In Kolmogorov–Arnold networks (KANs), the number of basis functions for univariate splines must be manually specified, limiting representational capacity and flexibility. Method: We propose InfinityKAN—the first KAN variant to integrate variational inference into the architecture, enabling end-to-end, differentiable learning of the optimal number of basis functions by treating it as a trainable stochastic hyperparameter. Grounded in the Kolmogorov–Arnold representation theorem, InfinityKAN establishes a theoretically sound framework for infinite-basis function approximation. Contribution/Results: Experiments demonstrate that InfinityKAN significantly outperforms standard KANs and MLPs on function approximation tasks, achieving faster convergence, higher accuracy, and superior expressivity, adaptability, and generalization—without manual basis selection or architectural reconfiguration.
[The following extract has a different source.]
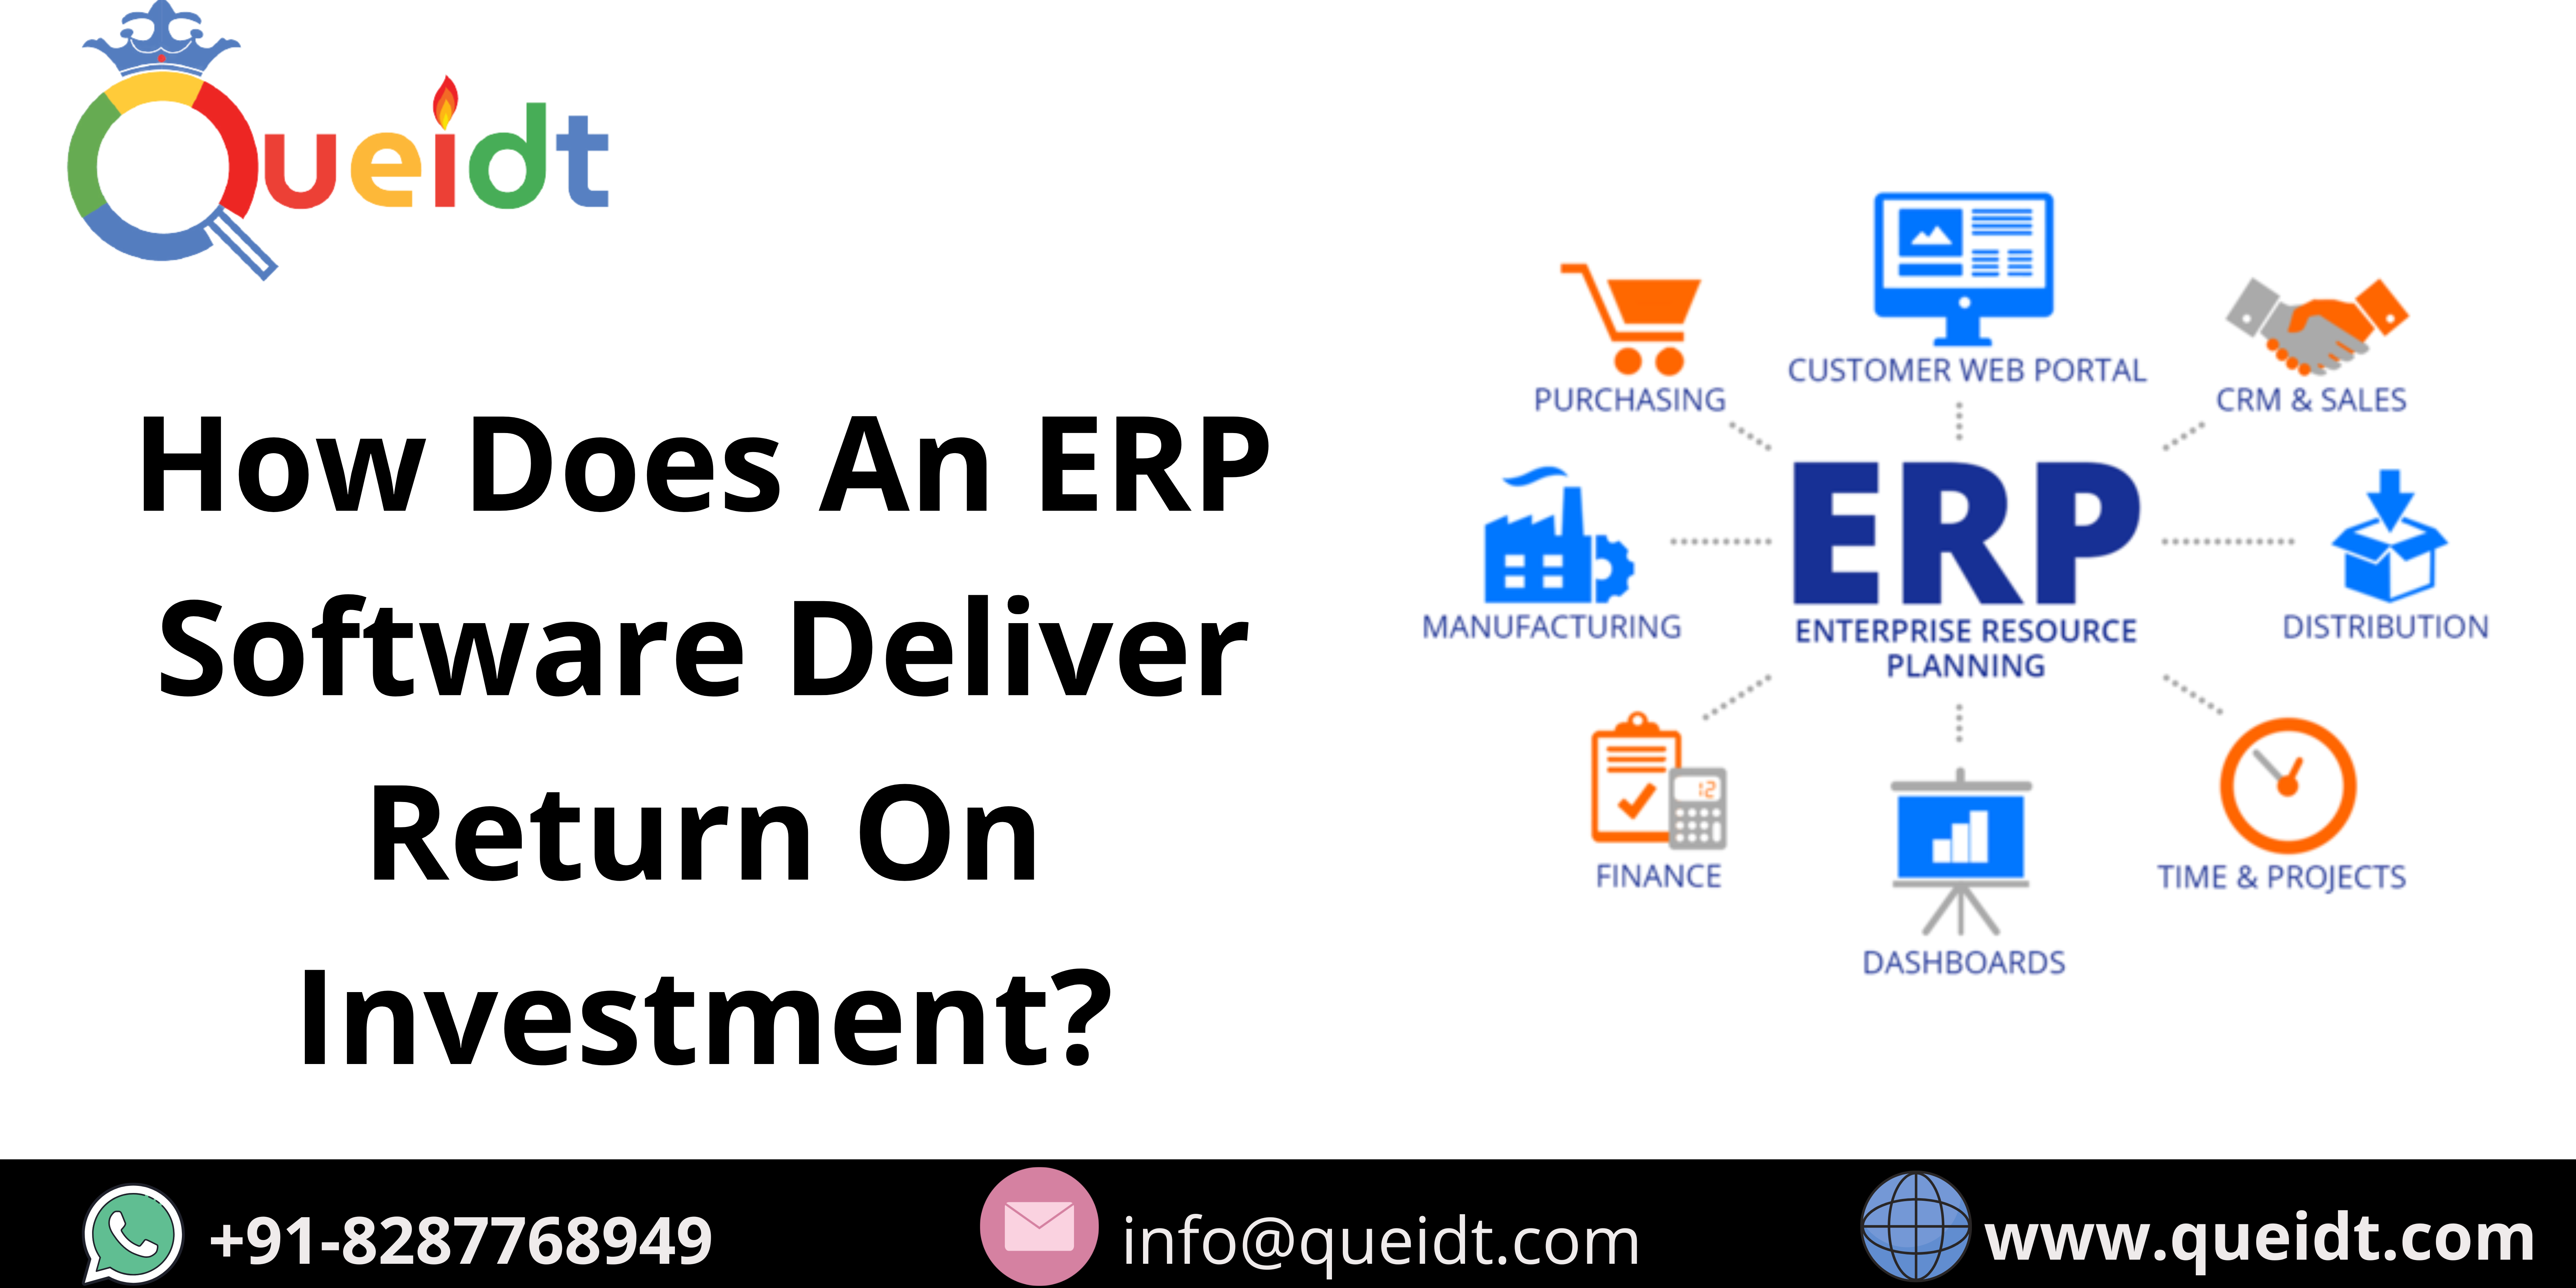 How Does An ERP Software Deliver Return On Investment?
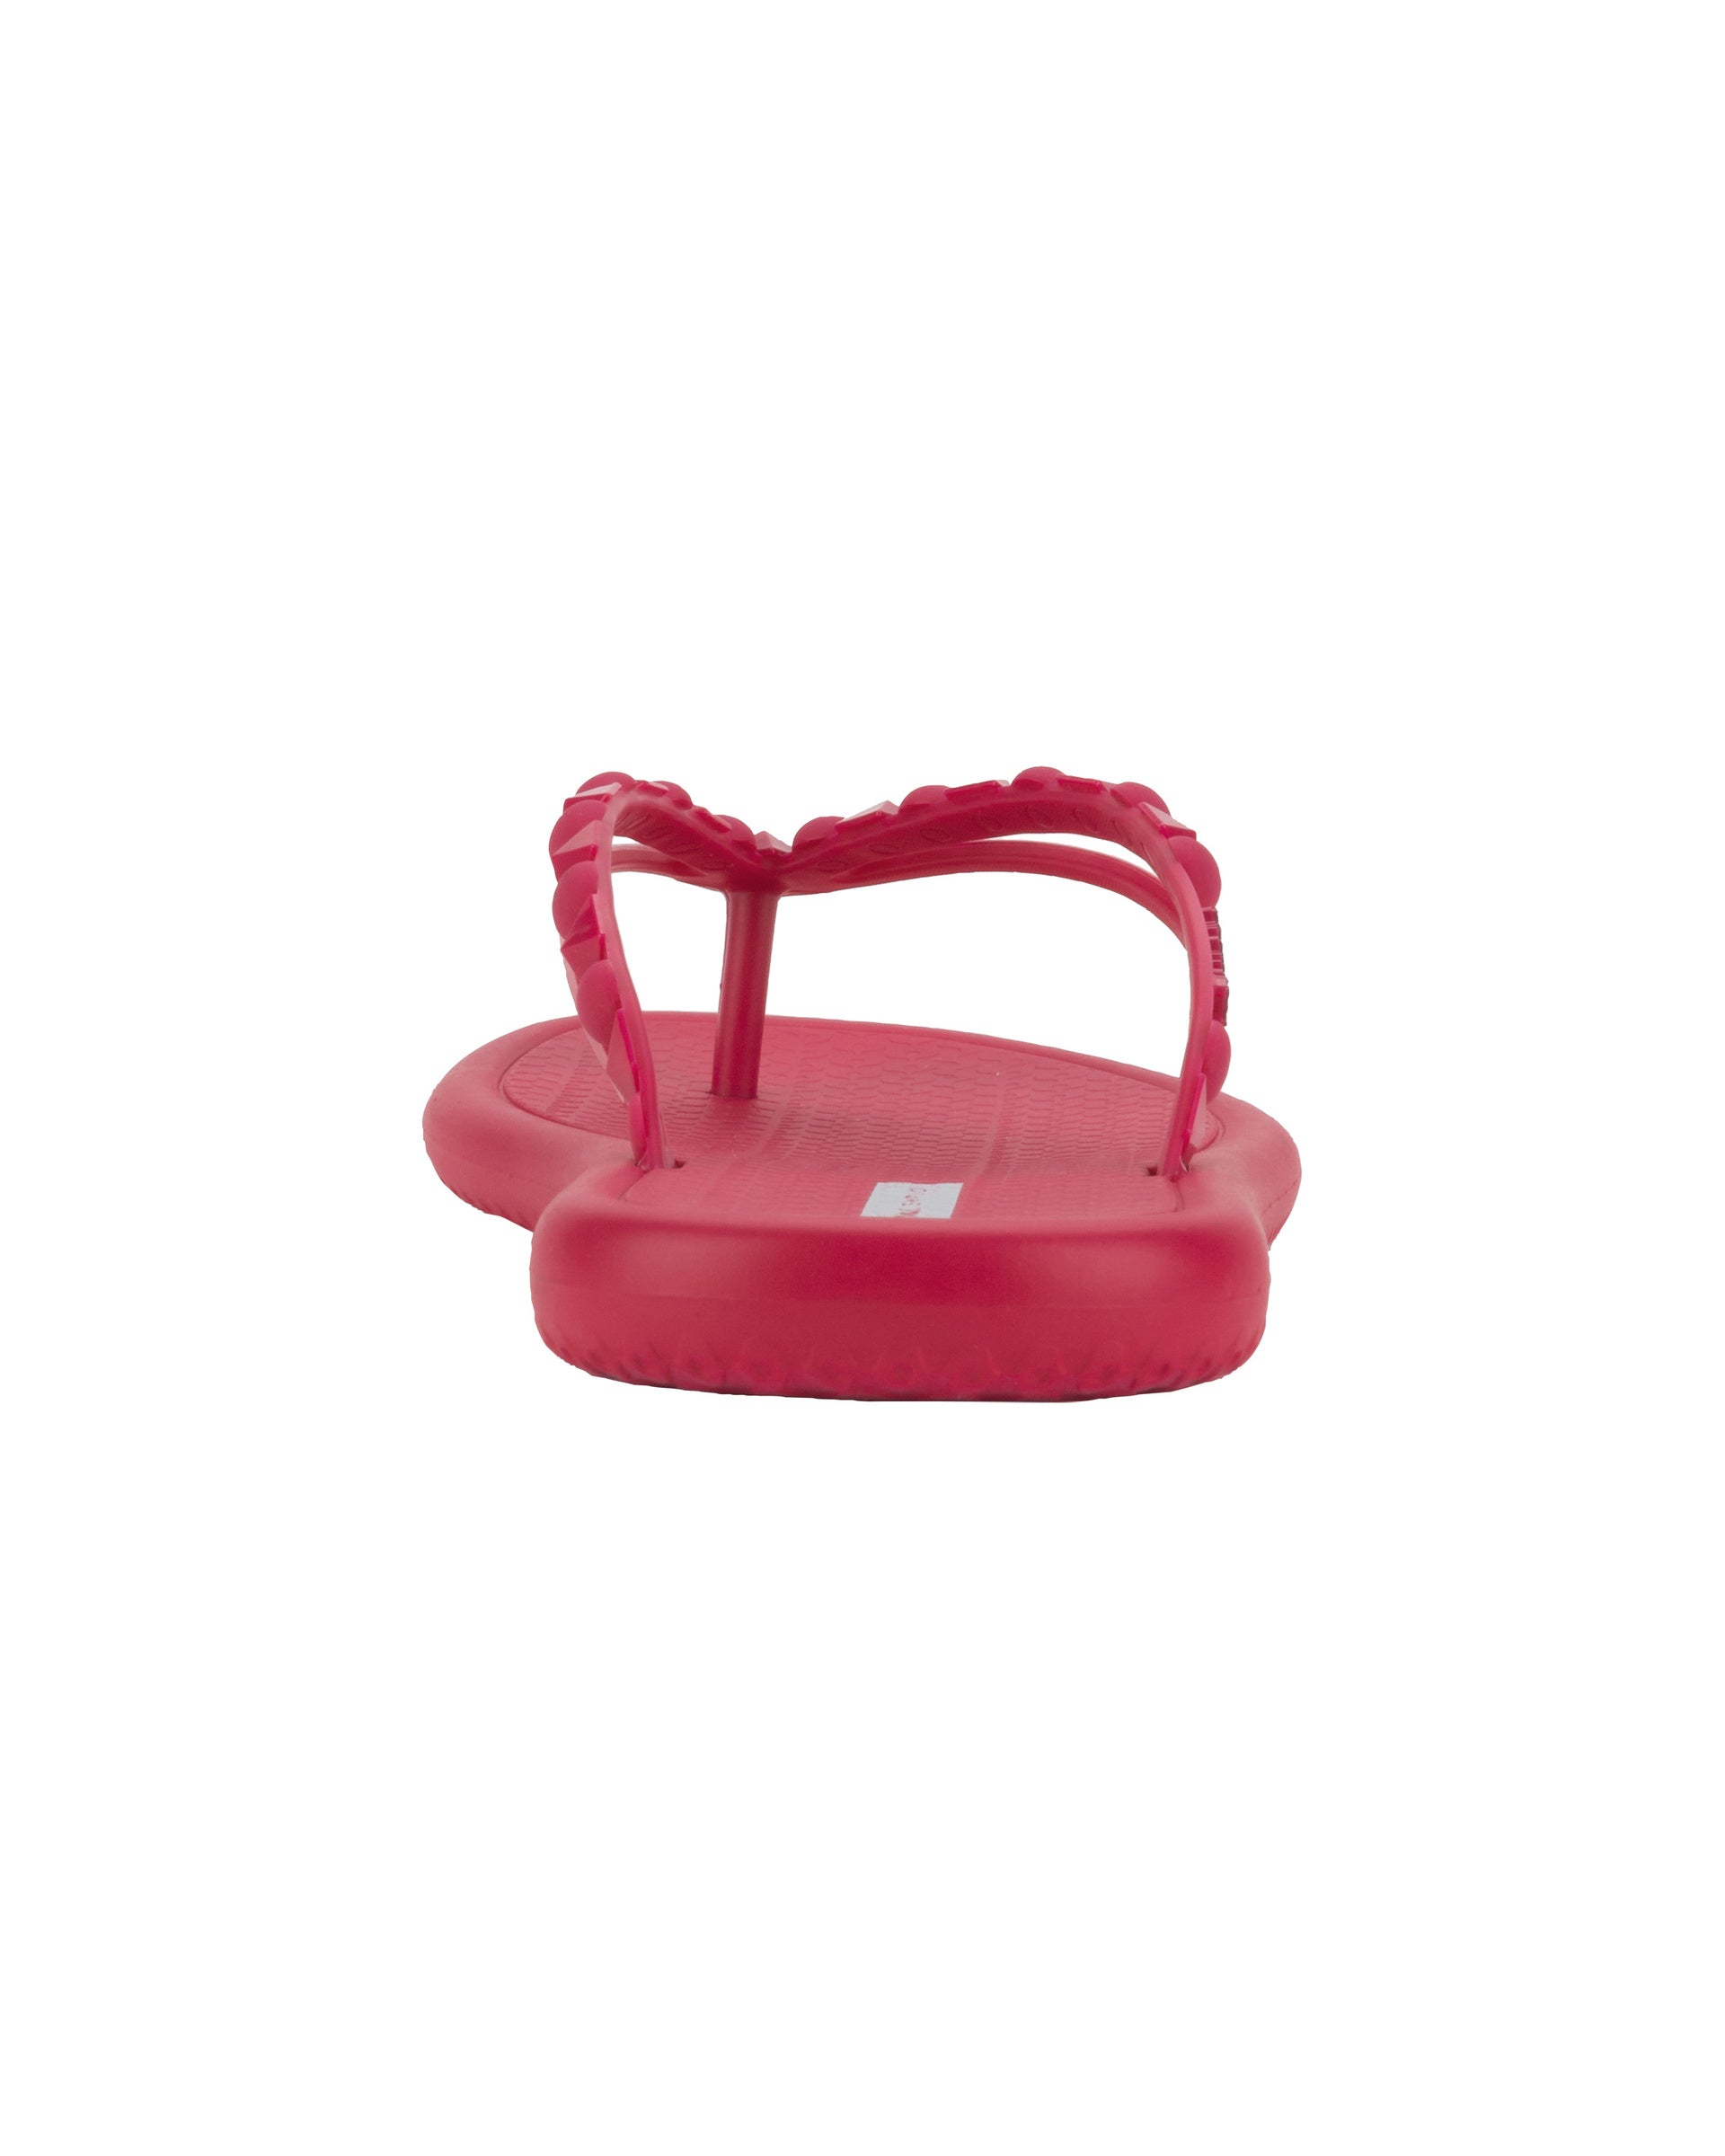 Back view of a dark pink Ipanema Meu Sol women's flip flop with stud details on strap.

Kolmogorov Arnold Networks (KANs) are an emerging architecture for building machine learning models. KANs are based on the theoretical foundation of the Kolmogorov-Arnold Theorem and its expansions, which provide an exact representation of a multi-variate continuous bounded function as the composition of a limited number of univariate continuous functions. While such theoretical results are powerful, their use as a representation learning alternative to a multi-layer perceptron (MLP) hinges on the ad-hoc choice of the number of bases modeling each of the univariate functions. In this work, we show how to address this problem by adaptively learning a potentially infinite number of bases for each univariate function during training. We therefore model the problem as a variational inference optimization problem. Our proposal, called InfinityKAN, which uses backpropagation, extends the potential applicability of KANs by treating an important hyperparameter as part of the learning process.